Then, I realized something that I didn't expect to as I began my forage into finding a lower key activity to consume my free time.
Golf isn't just hard; it's stressful, too.
Being someone who has always played sports and is remarkably competitive, I picked up the game fairly fast and didn't necessarily embarrass myself initially. As I got better, bought new clubs and really tried to hone my game, I began to agonize over every shot, curse my clubs when they failed me and rarely relished that summertime weather.
I left the course exhausted, mentally and physically, to the point that I questioned exactly why people told me that golf is a great game to take up as you get older.
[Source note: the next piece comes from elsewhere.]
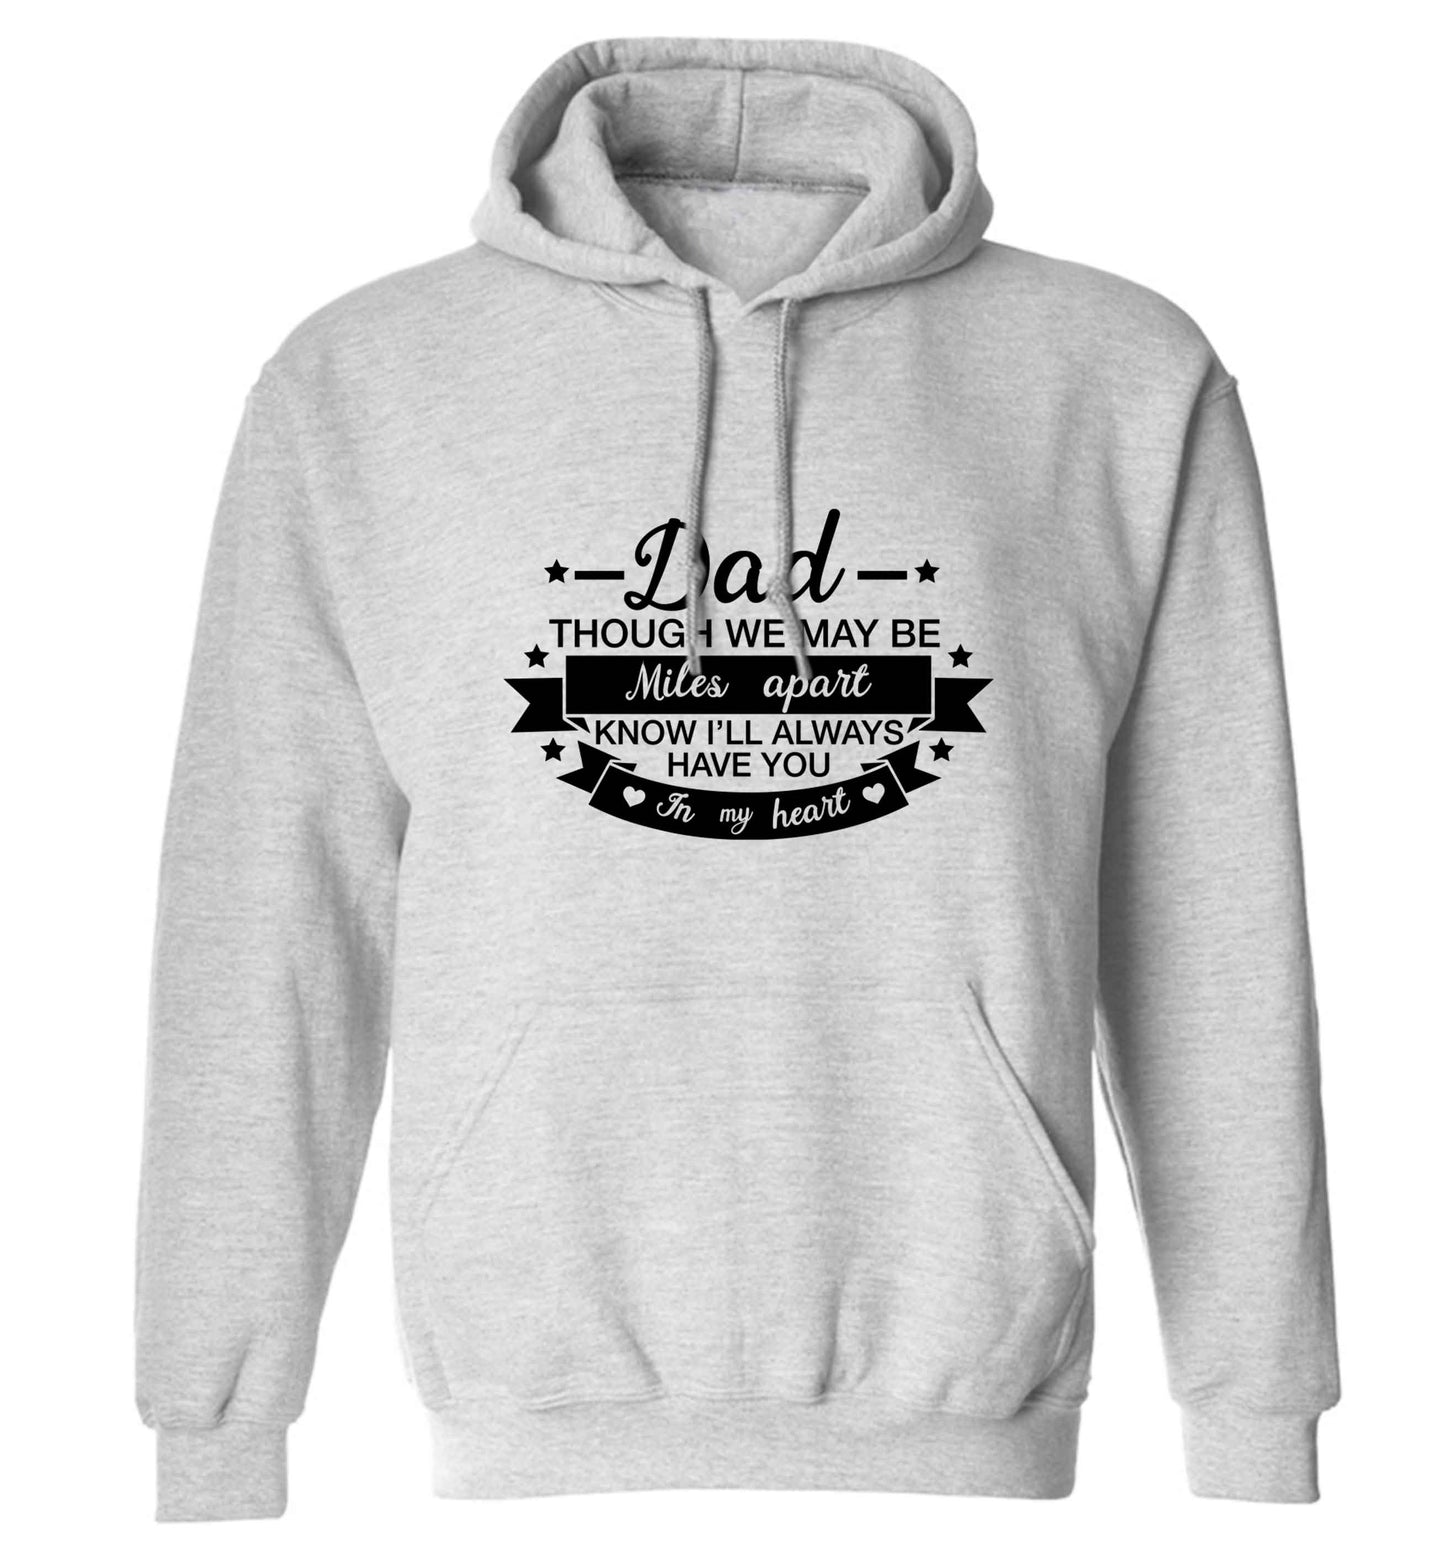 Dad though we are miles apart know I'll always have you in my heart adults unisex grey hoodie 2XL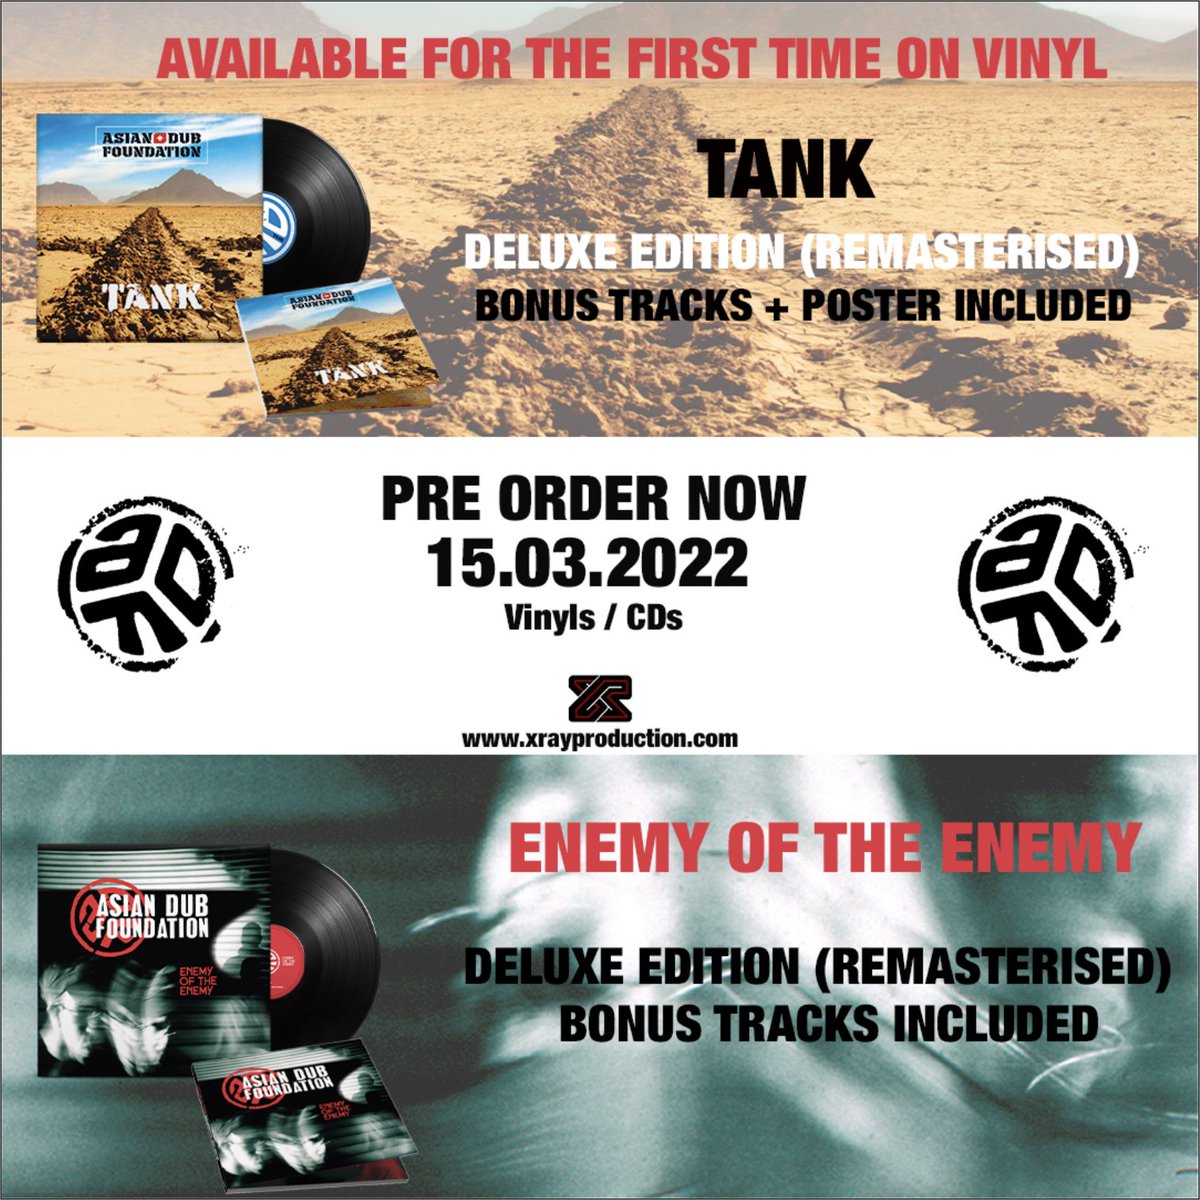 We’re happy to announce new editions of both “Enemy Of the Enemy” and “Tank” on CD and- for the first time EVER - on vinyl 💥 Both of these deluxe versions include previously unreleased tracks and are available RIGHT NOW for pre-order 👉 bit.ly/3tswlVq

After last season of golfing, I felt like I was actually ready for that softball team after all.
Turns out, I wasn't alone with how golfing made me feel.
Plenty of studies have been done that determined golfers actually feel more fatigued golfing than other, less arduous sports. As someone who loves the competition of sports, it would be hard for me to take on a who cares mentality.
But, that's exactly what experts suggest you do when it comes to hitting the links and languishing over every tee shot or fairway blasts that slices into a field of bushes. Overcoming golf as a stress point isn't so much about the game as it is the player needing to treat it more like a hobby in the same vein as building model cars rather than an intense, make or break sport that causes more harm than good.
Quelling that competitive nature takes almost as much practice as golf itself. In the end, there's no prize money involved, and no television camera following you around from one hole to the next.
Once you start getting the bigger picture as far as why you took up the sport to begin with, the sooner you'll be on par with the positives of playing golf.